(INPUT MATERIAL)
-- Opening Marker --
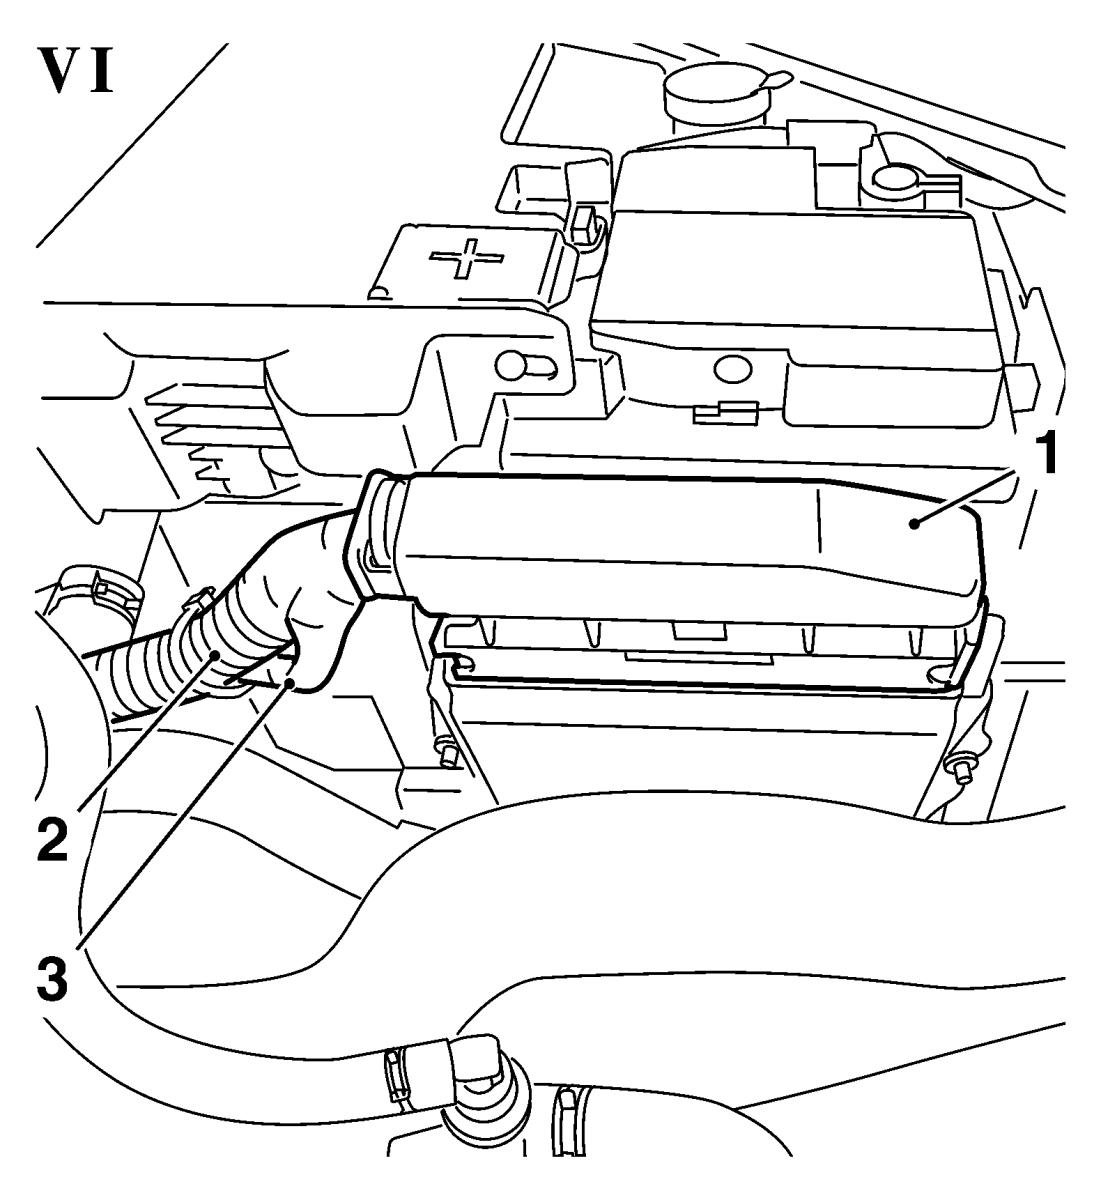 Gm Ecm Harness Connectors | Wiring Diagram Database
-- Closing Marker --
-- Opening Marker --
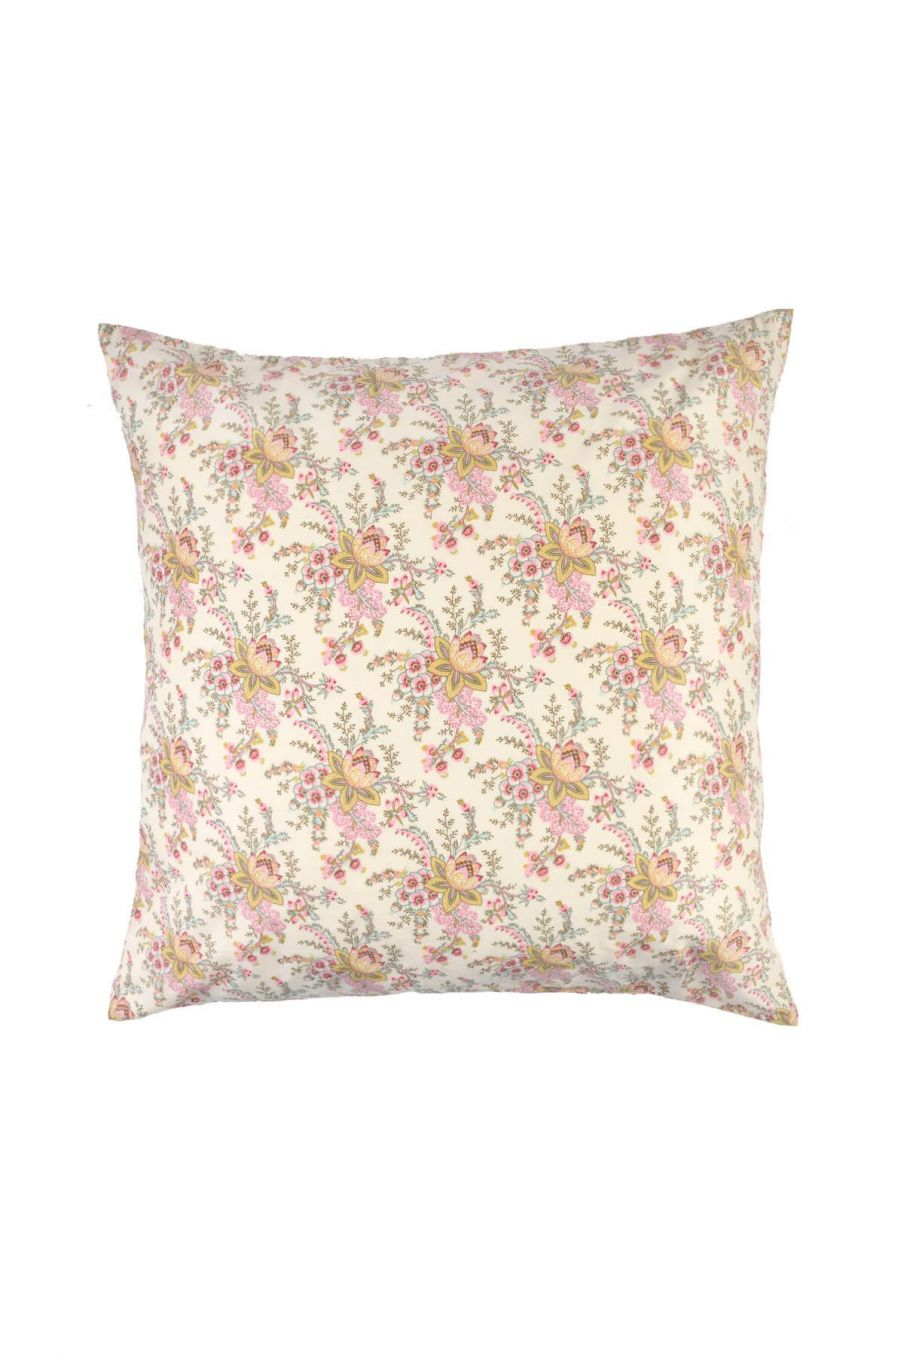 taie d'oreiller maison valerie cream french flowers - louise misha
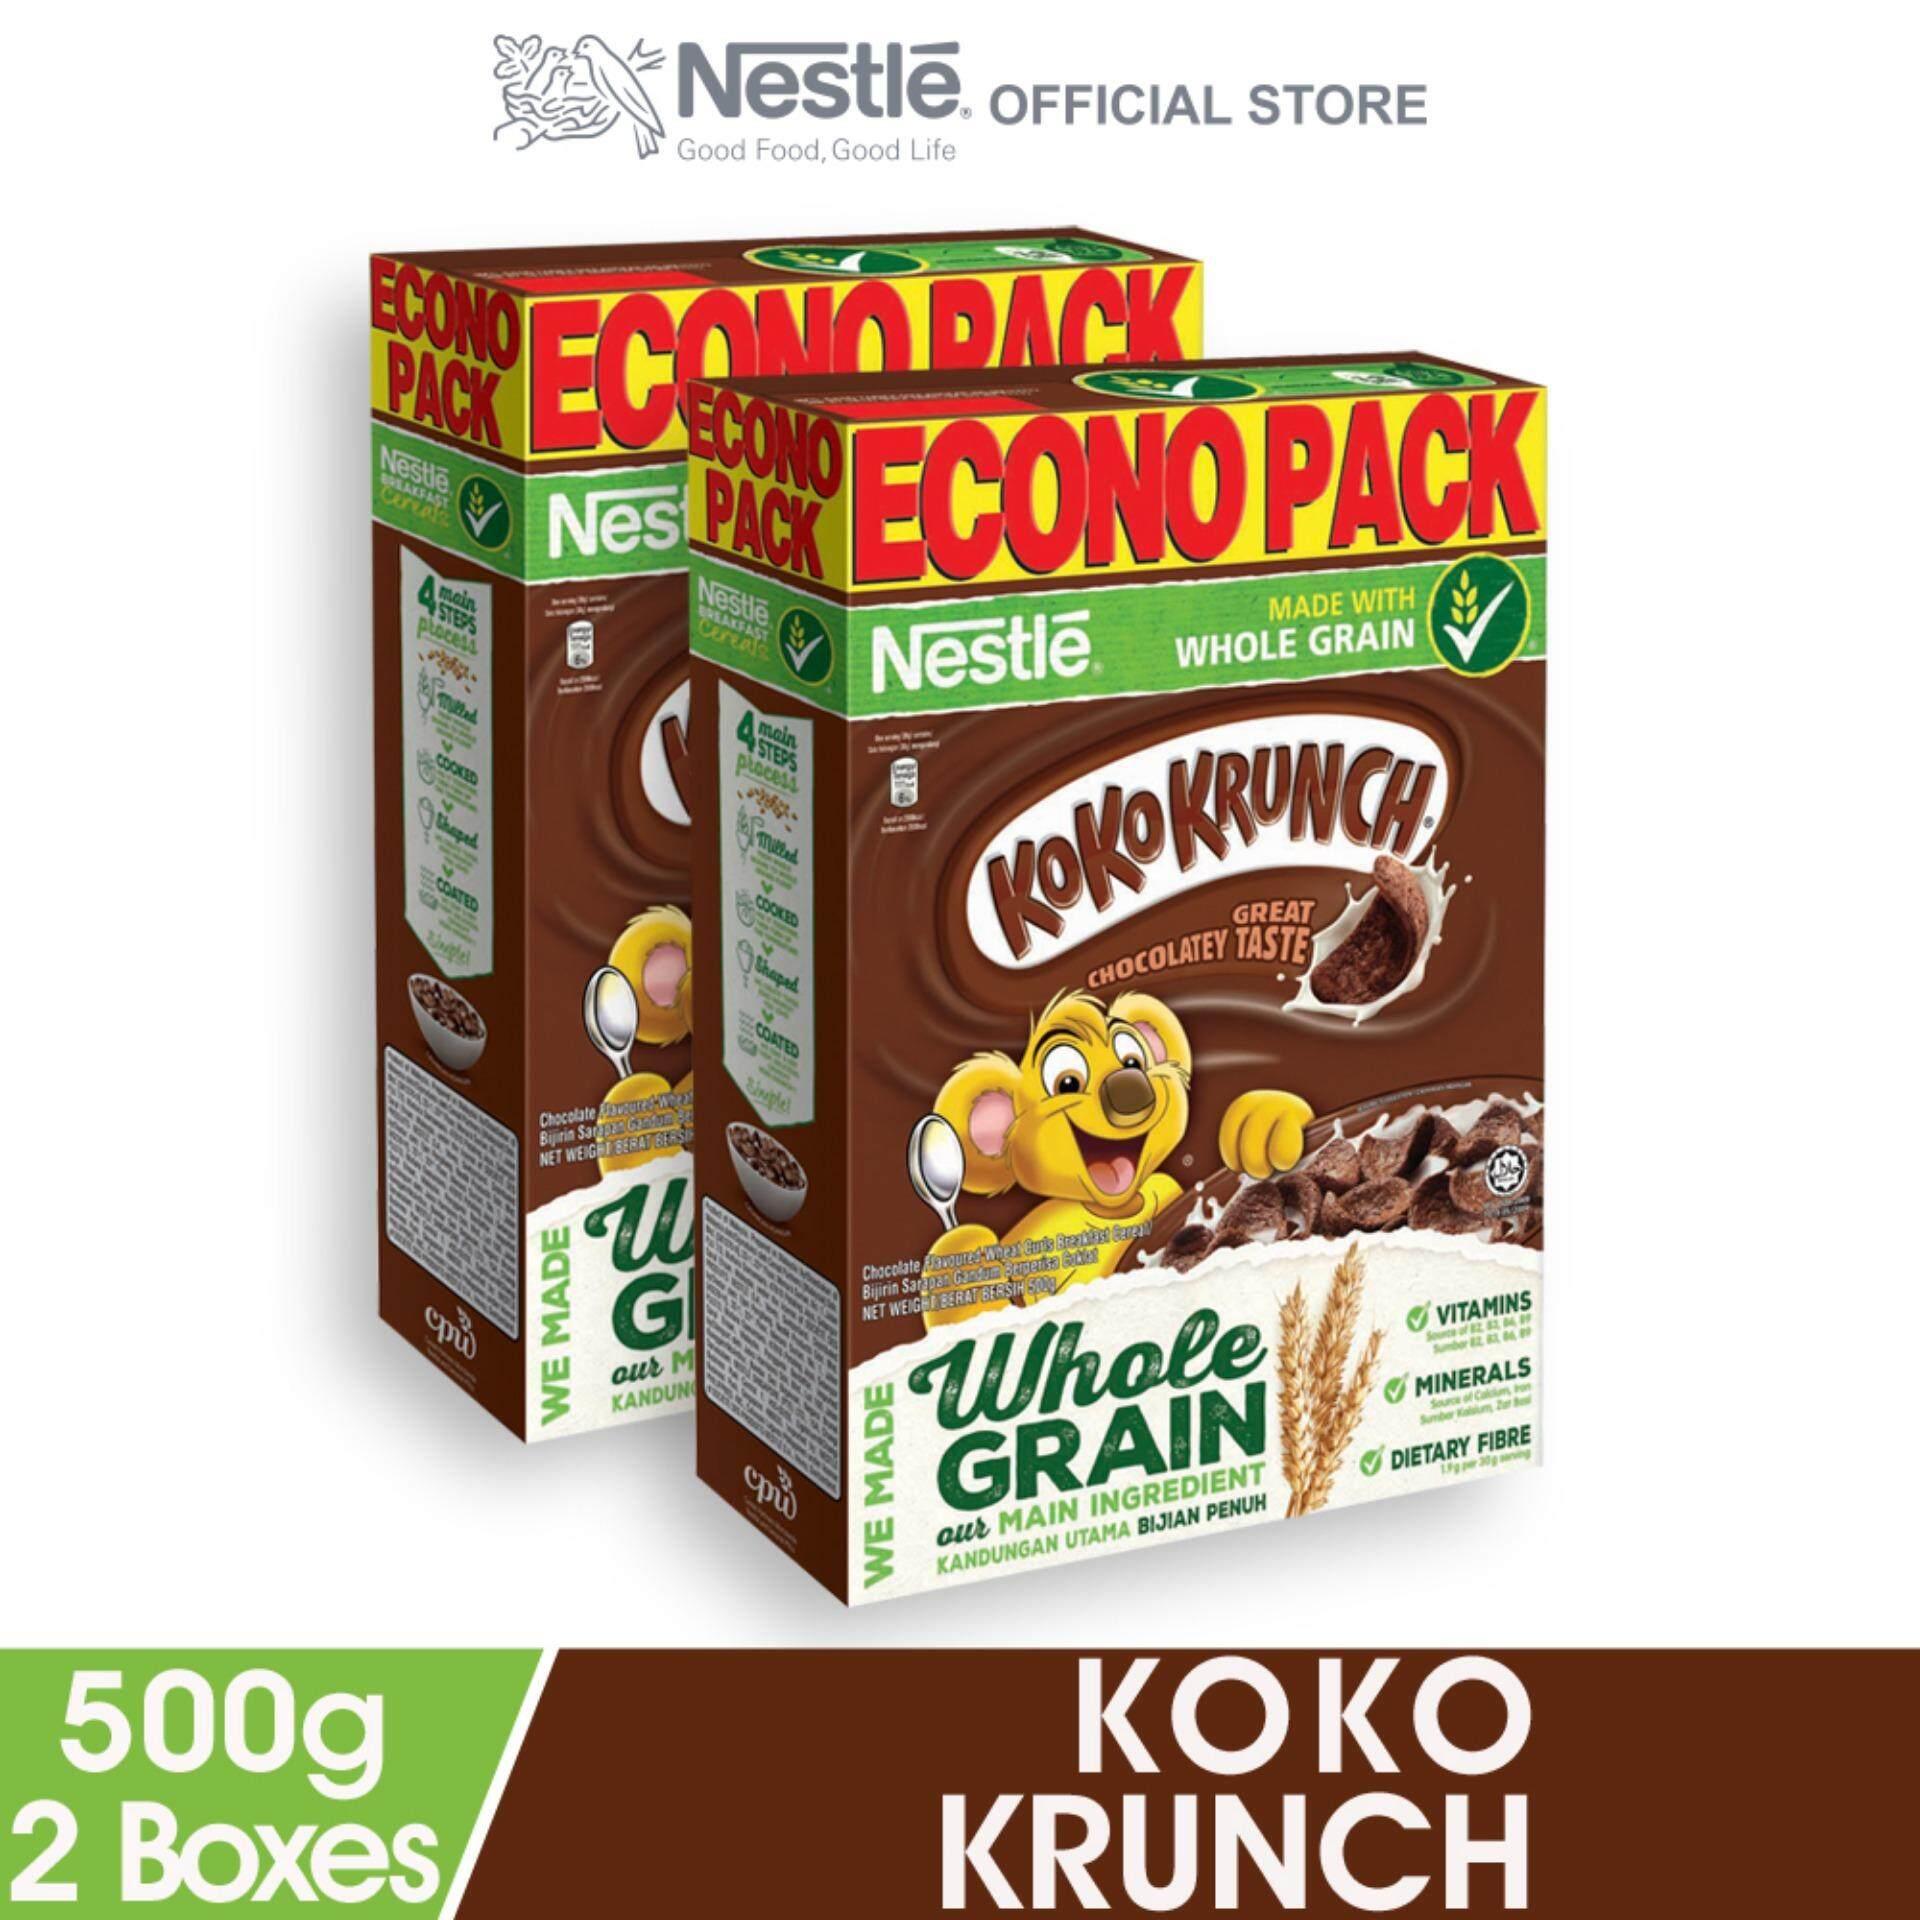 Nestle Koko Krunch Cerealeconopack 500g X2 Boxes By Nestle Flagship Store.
-- Closing Marker --
-- Opening Marker --
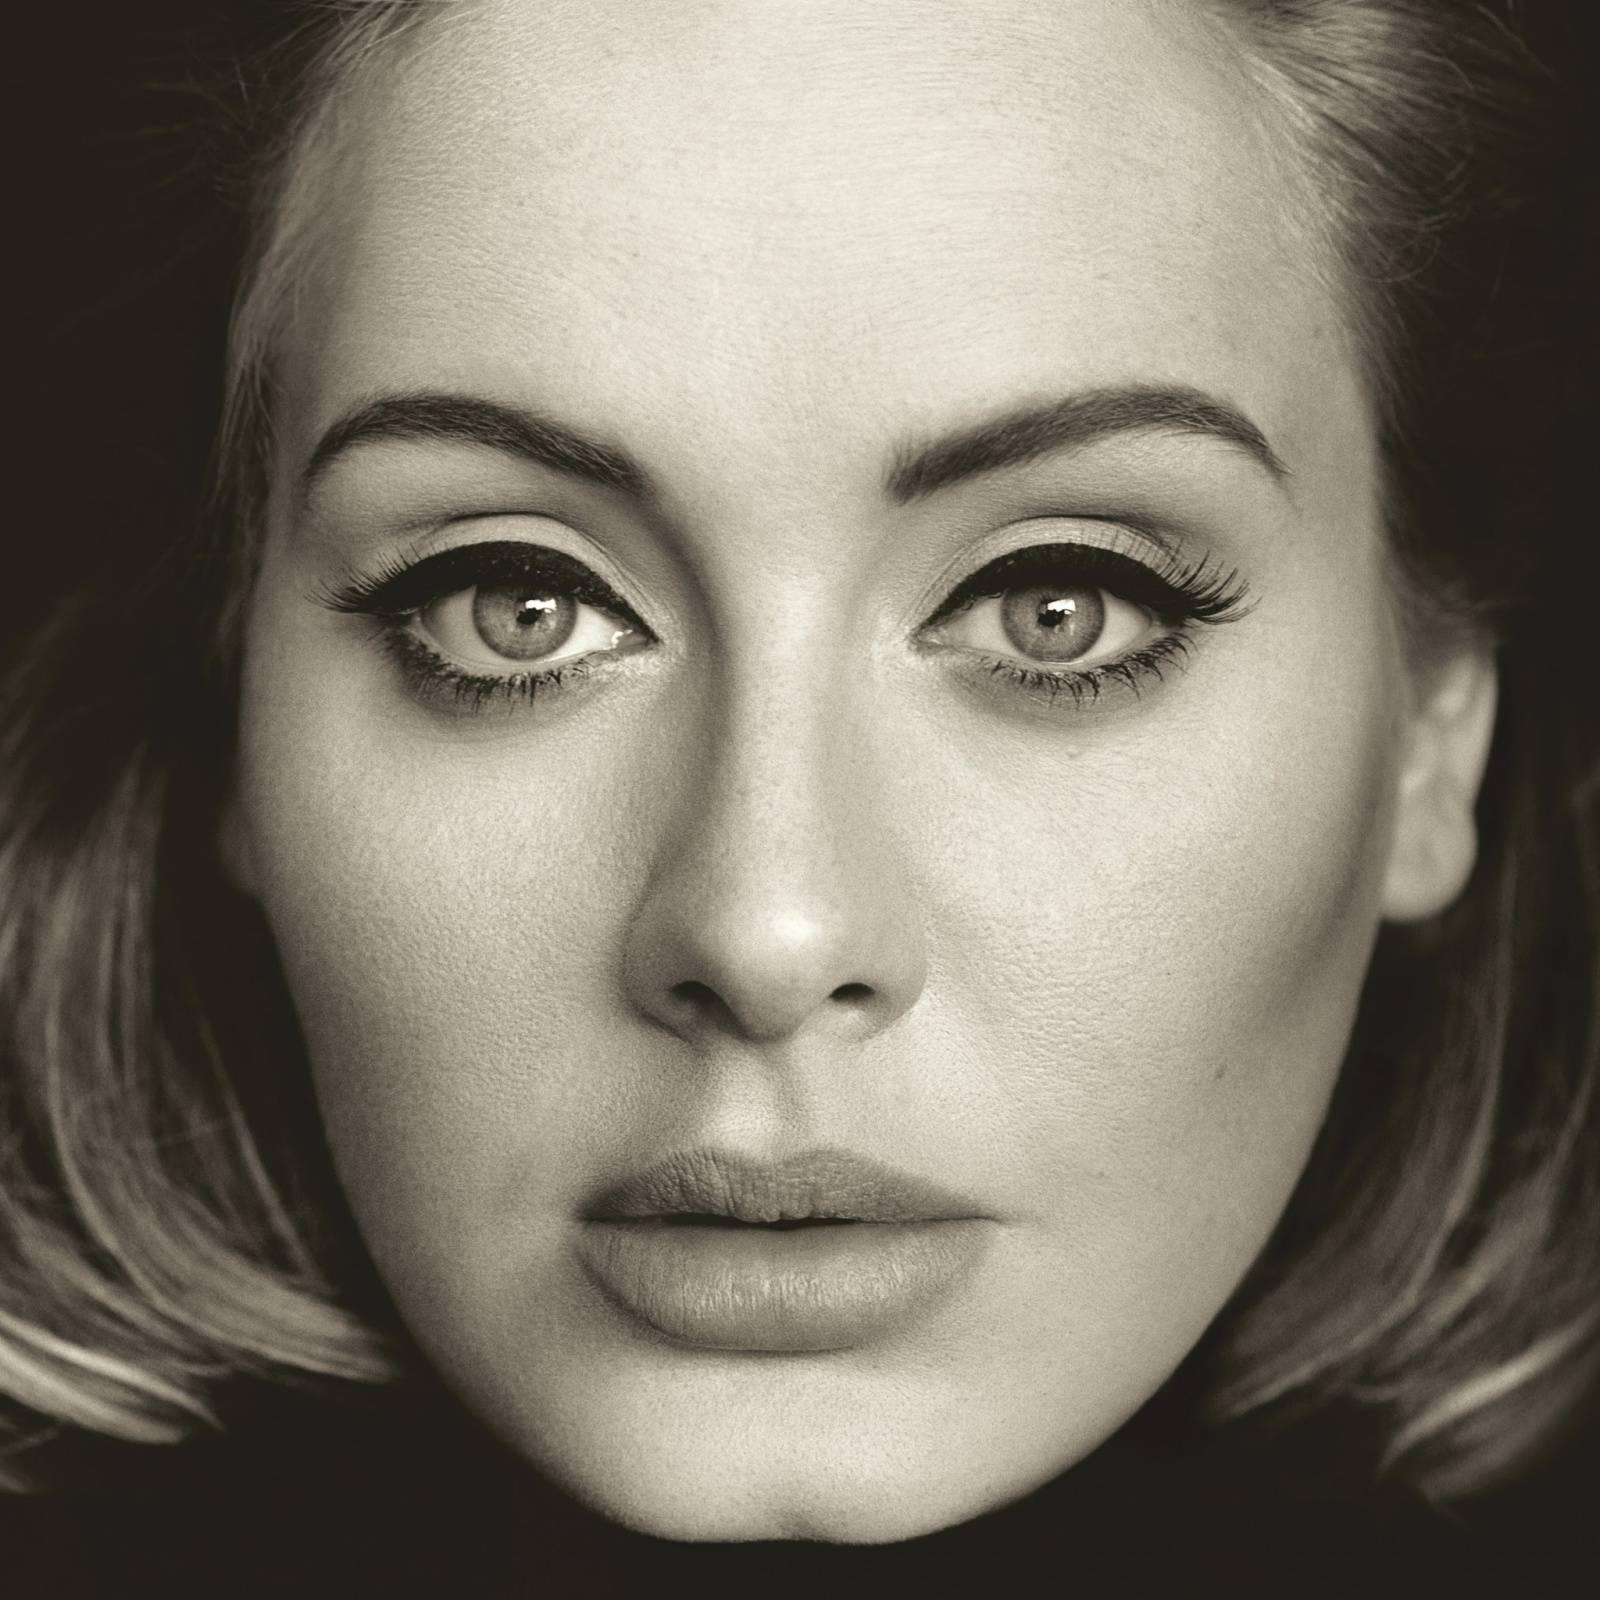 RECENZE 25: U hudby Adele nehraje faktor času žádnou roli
-- Closing Marker --
(WHAT TO DO) Copy the lines above exactly, starting with the line that contains "taie d'oreiller maison" and ending with the line that contains "Nestle Koko Krunch", and leave out any pictures.

(RESPONSE TO THE EXERCISE)
 taie d'oreiller maison valerie cream french flowers - louise misha
 Nestle Koko Krunch Cerealeconopack 500g X2 Boxes By Nestle Flagship Store.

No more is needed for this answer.